▸ Exercise data
--- START ---

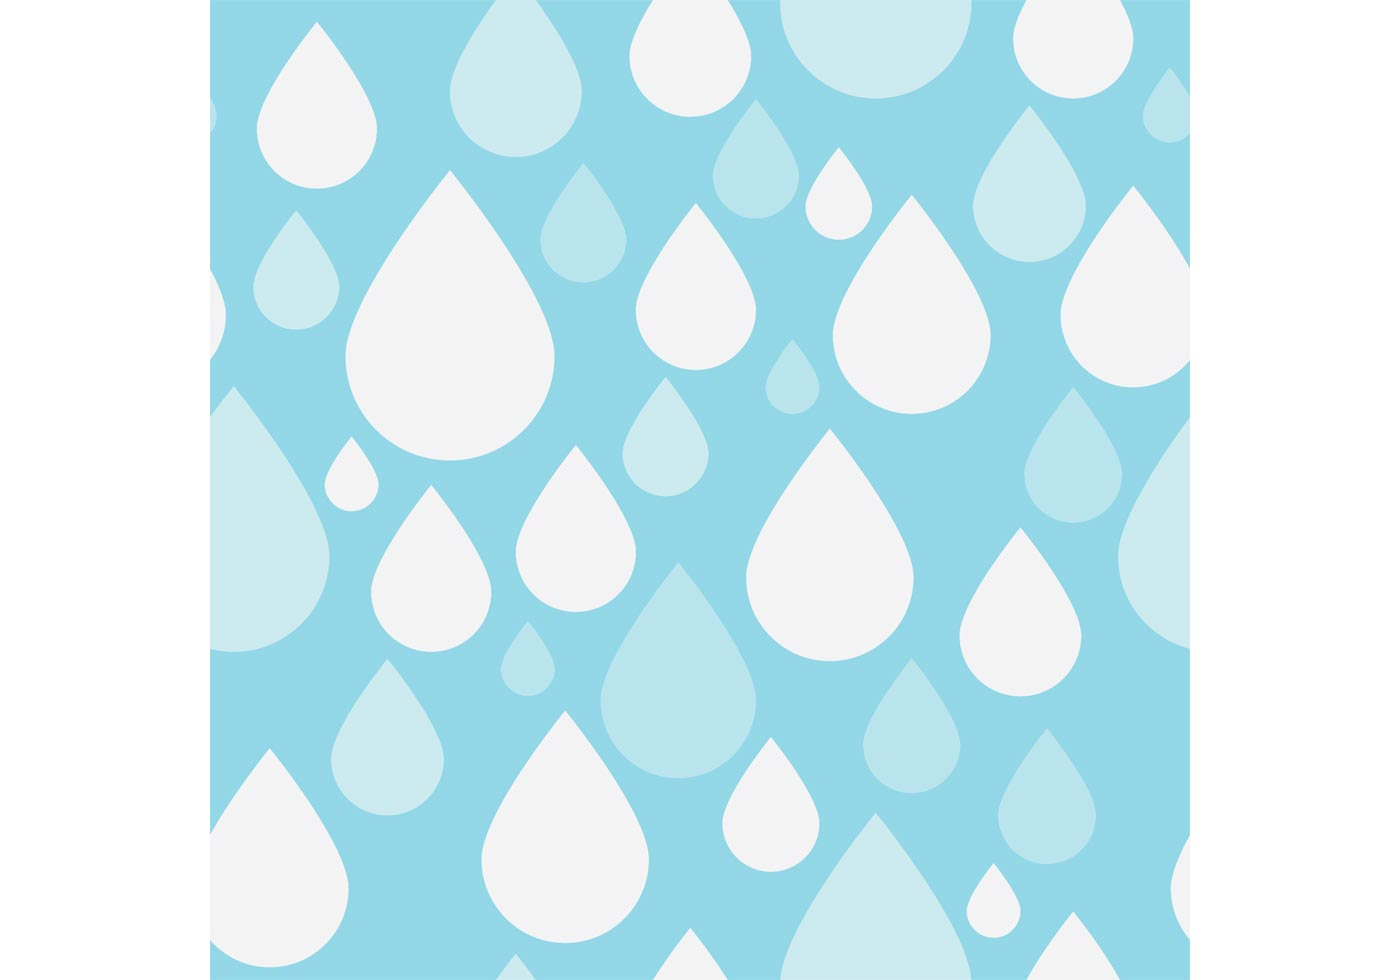 Pattern Vector of Simple Rain Drops
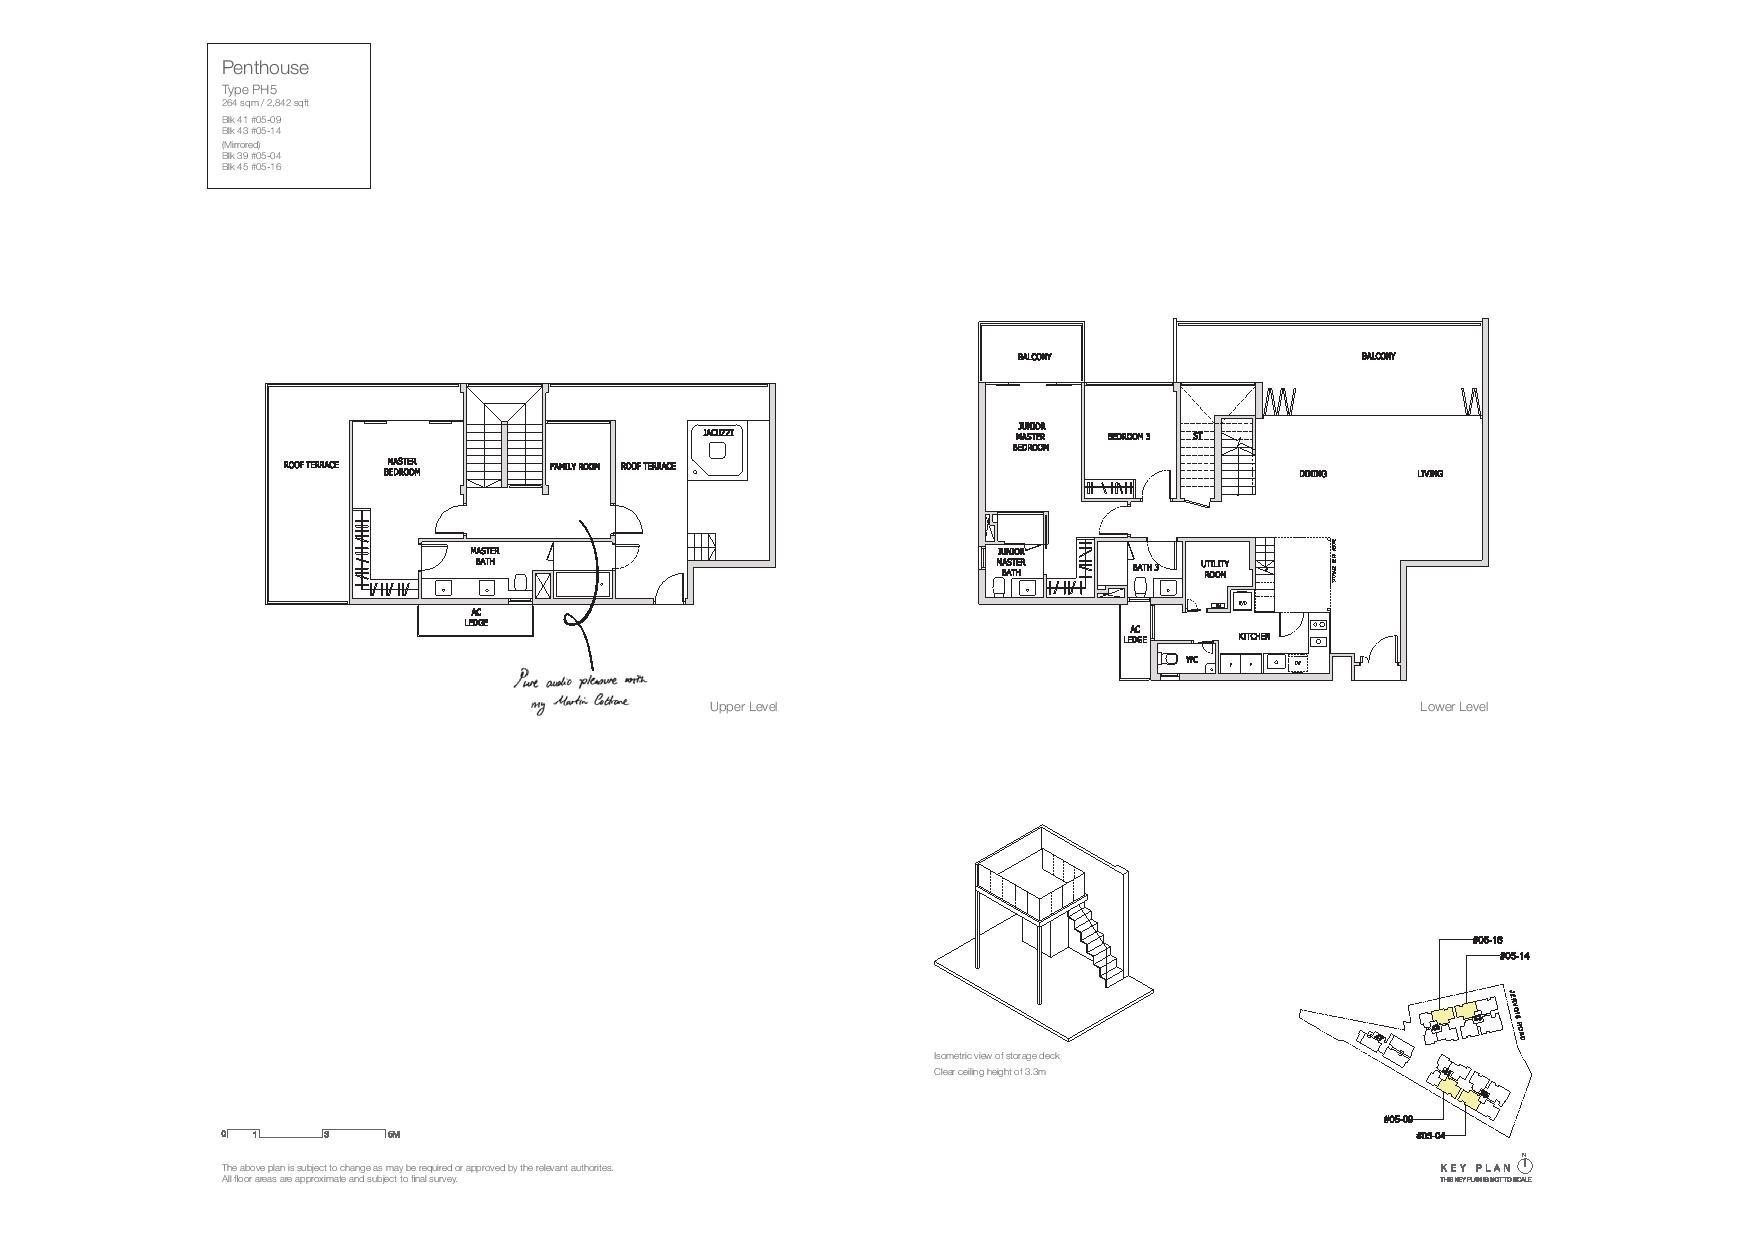 Mon Jervois Penthouse Floor Plans Type PH5
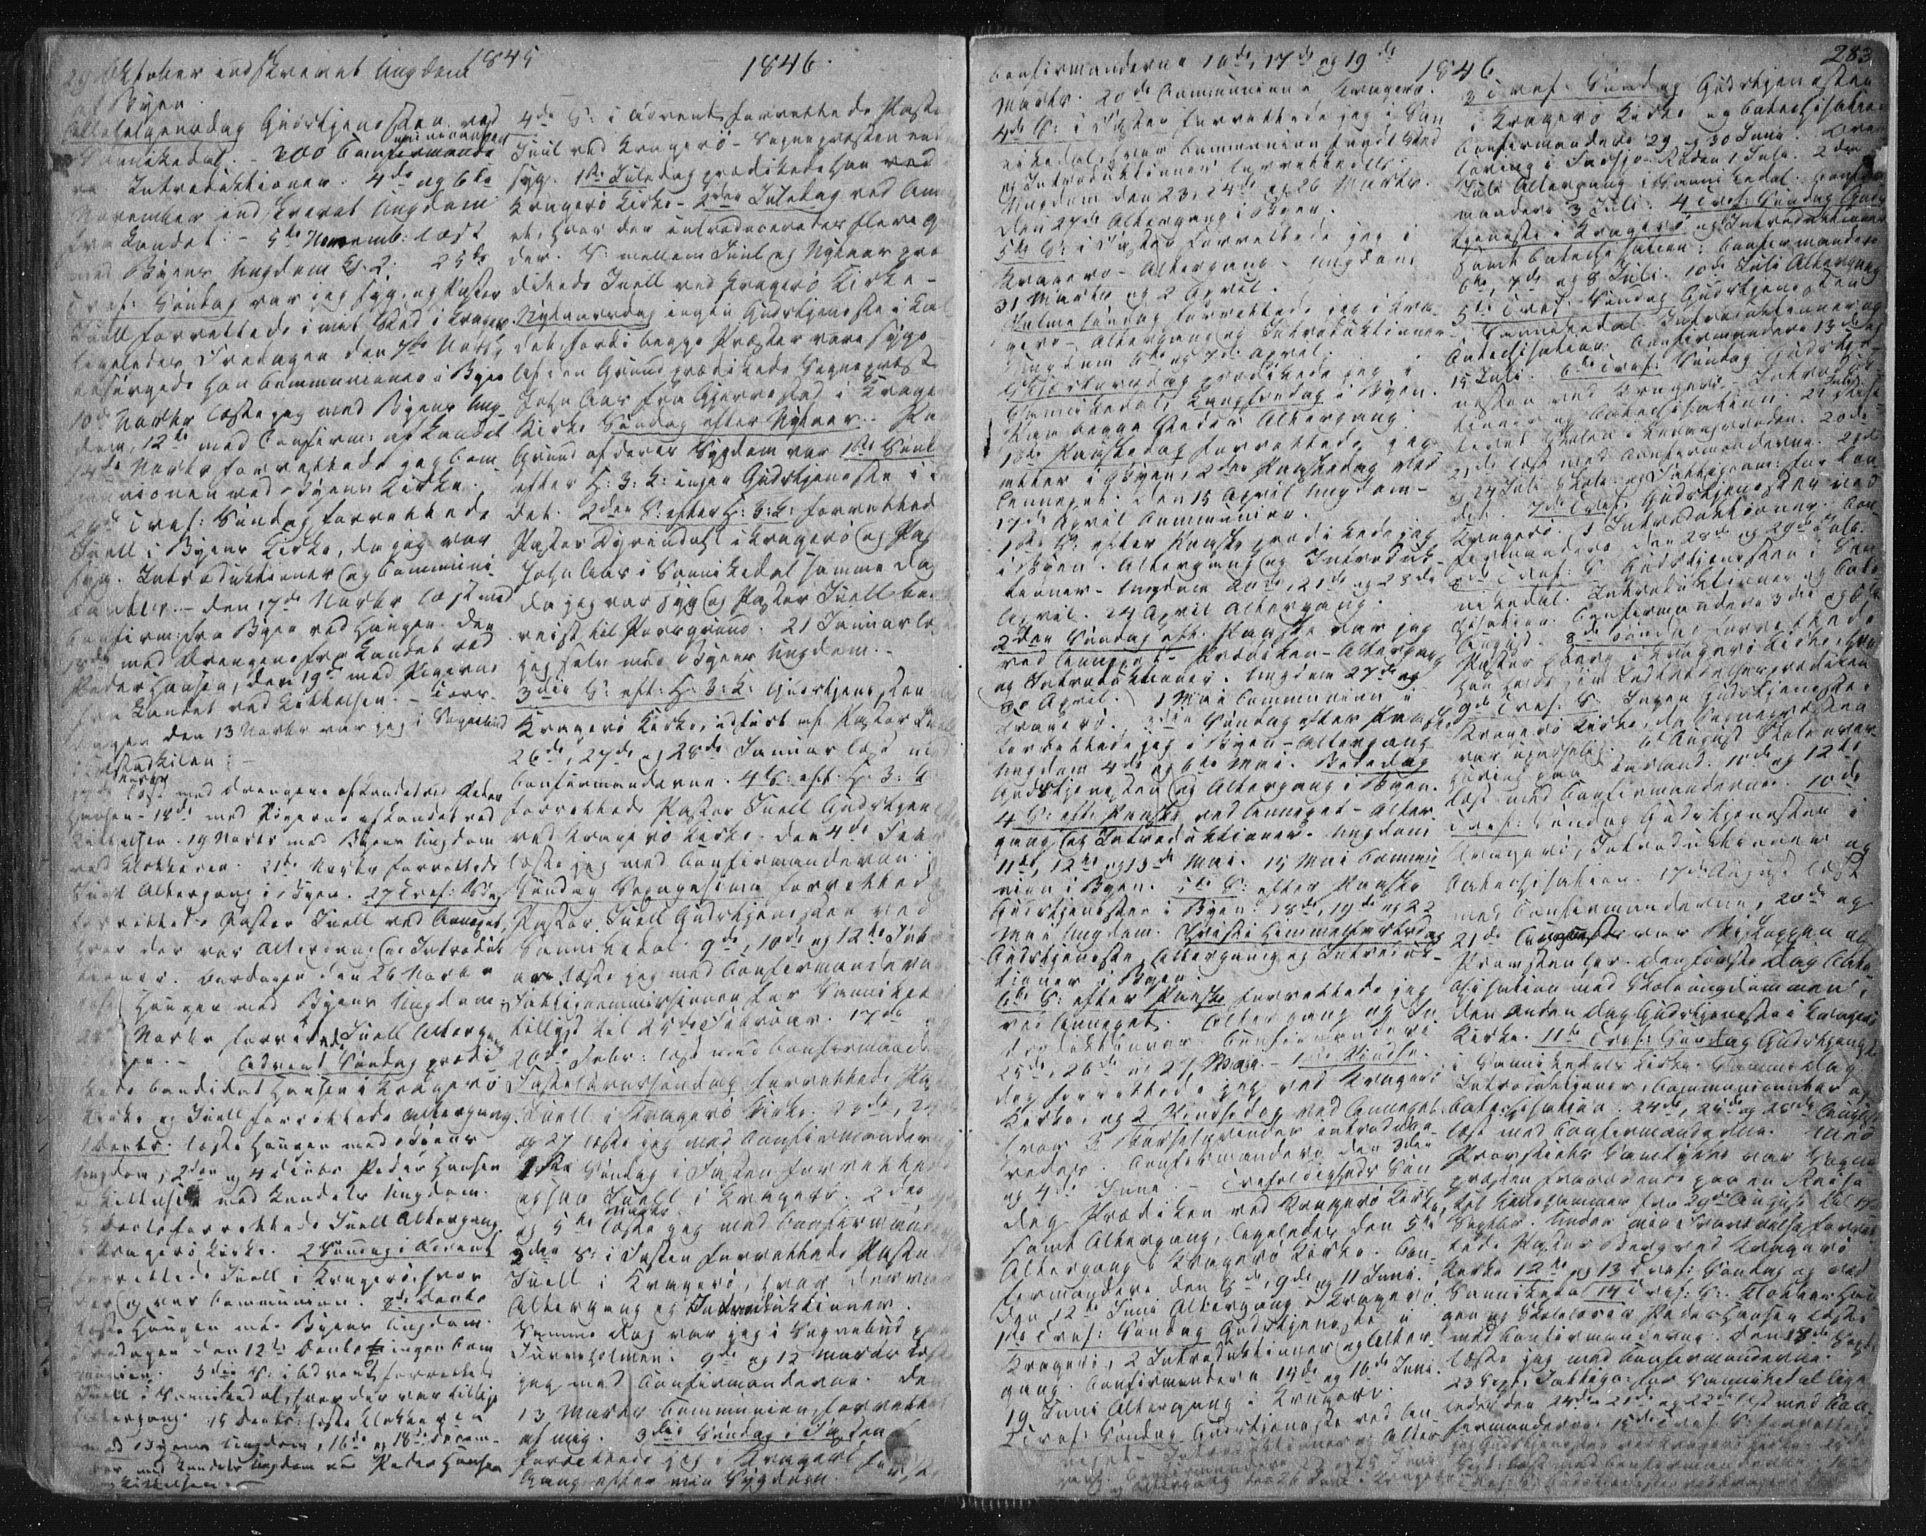 SAKO, Kragerø kirkebøker, F/Fa/L0005: Ministerialbok nr. 5, 1832-1847, s. 283

--- END ---

Where the line containing "Mon Jervois Penthouse Floor Plans Type PH5" appears, begin writing out the lines word for word, and continue through the last line of the data, leaving out pictures.

▸ Expected output
 Mon Jervois Penthouse Floor Plans Type PH5
 SAKO, Kragerø kirkebøker, F/Fa/L0005: Ministerialbok nr. 5, 1832-1847, s. 283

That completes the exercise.